Still, Servis — who rejected Cohen’s idea of pausing payments — says the airport needs the CARES Act funding to bridge lasting revenue shortfalls. The relief allows her to keep paying employees and cover operating costs that go into maintaining facilities and meeting federal aviation regulations.
“Those expenses do not go away,” she said.
Airport tenants who have seen their own revenue evaporate have already reached out to Servis to ask for rent relief; the CARES Act makes that a possibility, she said.
While she understands Cohen’s concerns, Servis contends that smaller airports like hers will struggle to bounce back as quickly as bigger airports. She predicts business travel will return before leisure and notes that other airports have more airlines servicing their facilities. Barnstable Airport is home to a handful of small fleets, including Cape Air. Servis says it’s unclear if or when JetBlue will come back. This summer was supposed to be the airline’s sixth season.

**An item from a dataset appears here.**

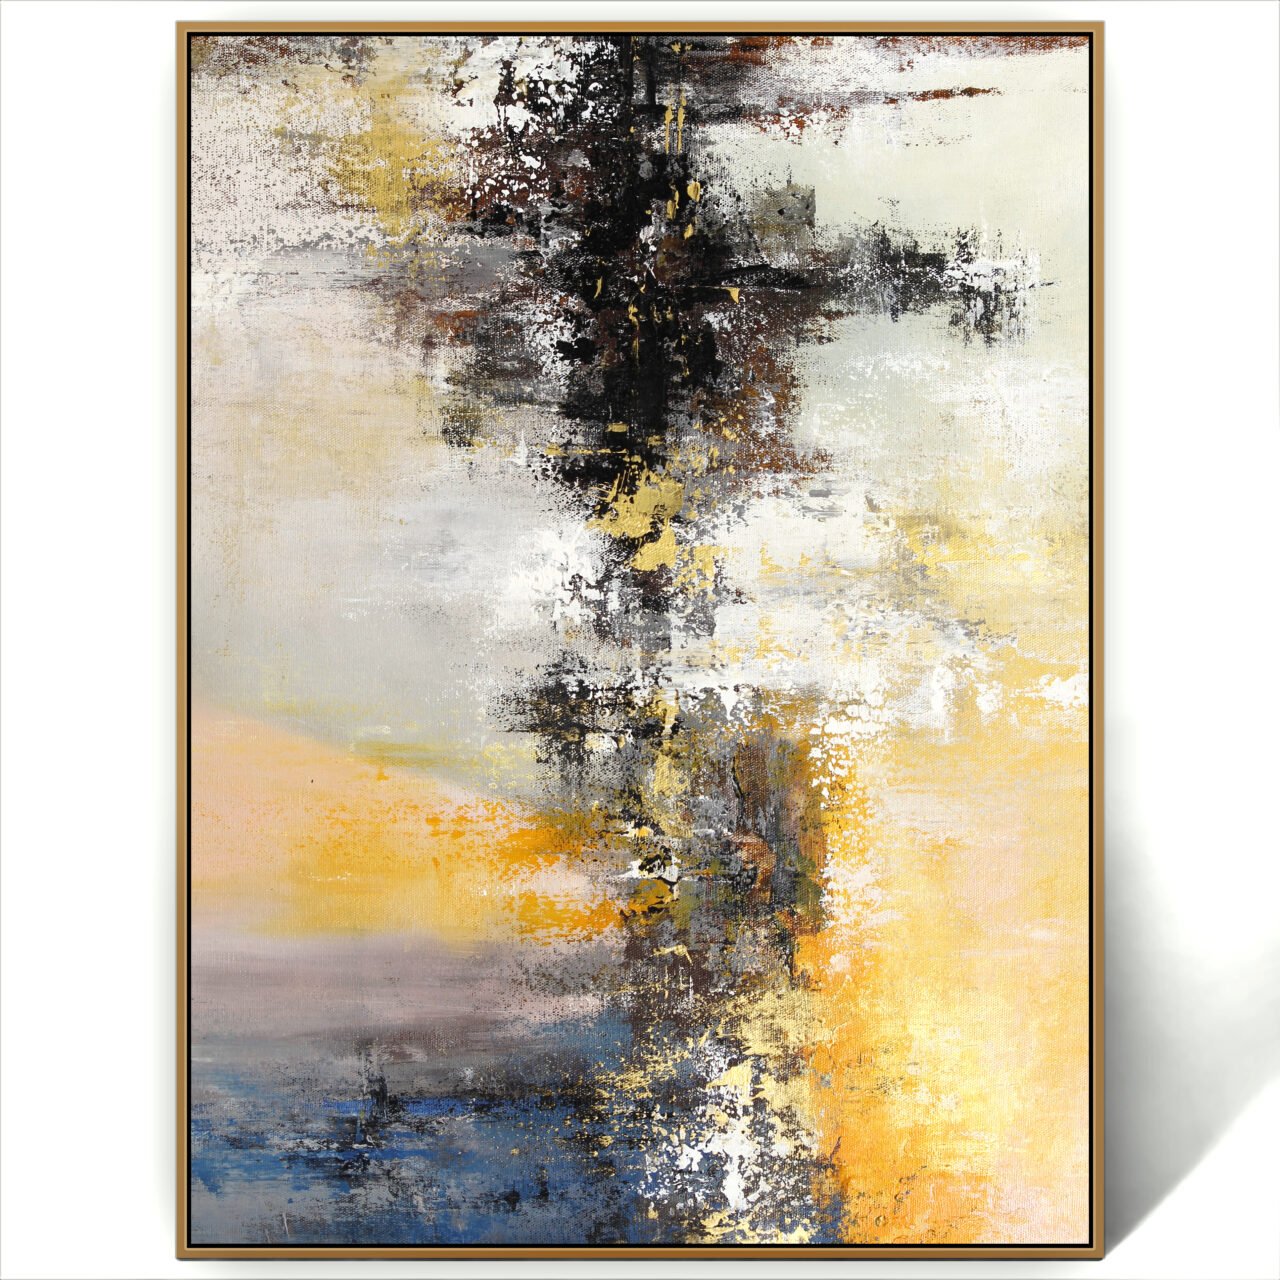 Abstract Wall Hanging Art On Canvas Room Wall Decor Painting
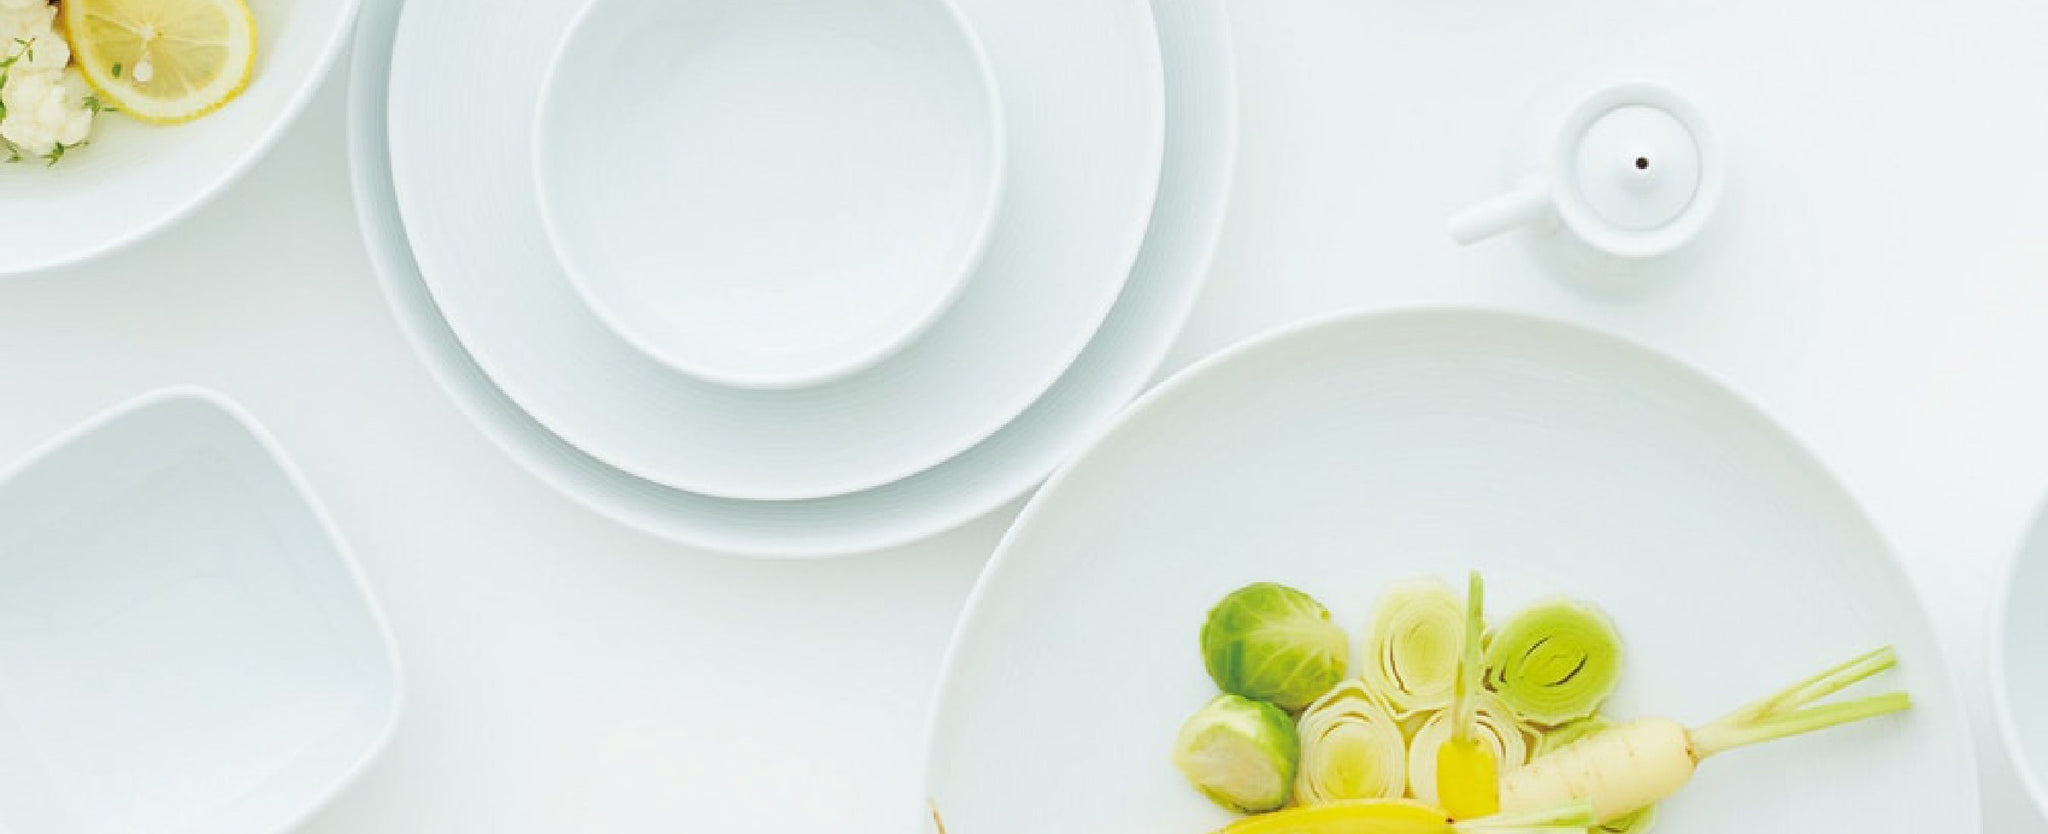 Various White Plates and Bowls on a White Background.  The bowl in the foreground has roots and sprouts in it.

“We are probably going to be languishing in our revenues,” she said. “It’s not just going to be one or two years.”
Even if the airport will be in a “deeper recovery mode” due the the coronavirus, Servis is “happy” with the funding, which she acknowledged is a “large amount.”
“There are some airports that will do well, and there are some airport that the formula didn’t work out for them,” she said. “That’s how the FAA decided to base their formula. Unfortunately for some, and fortunately for others.”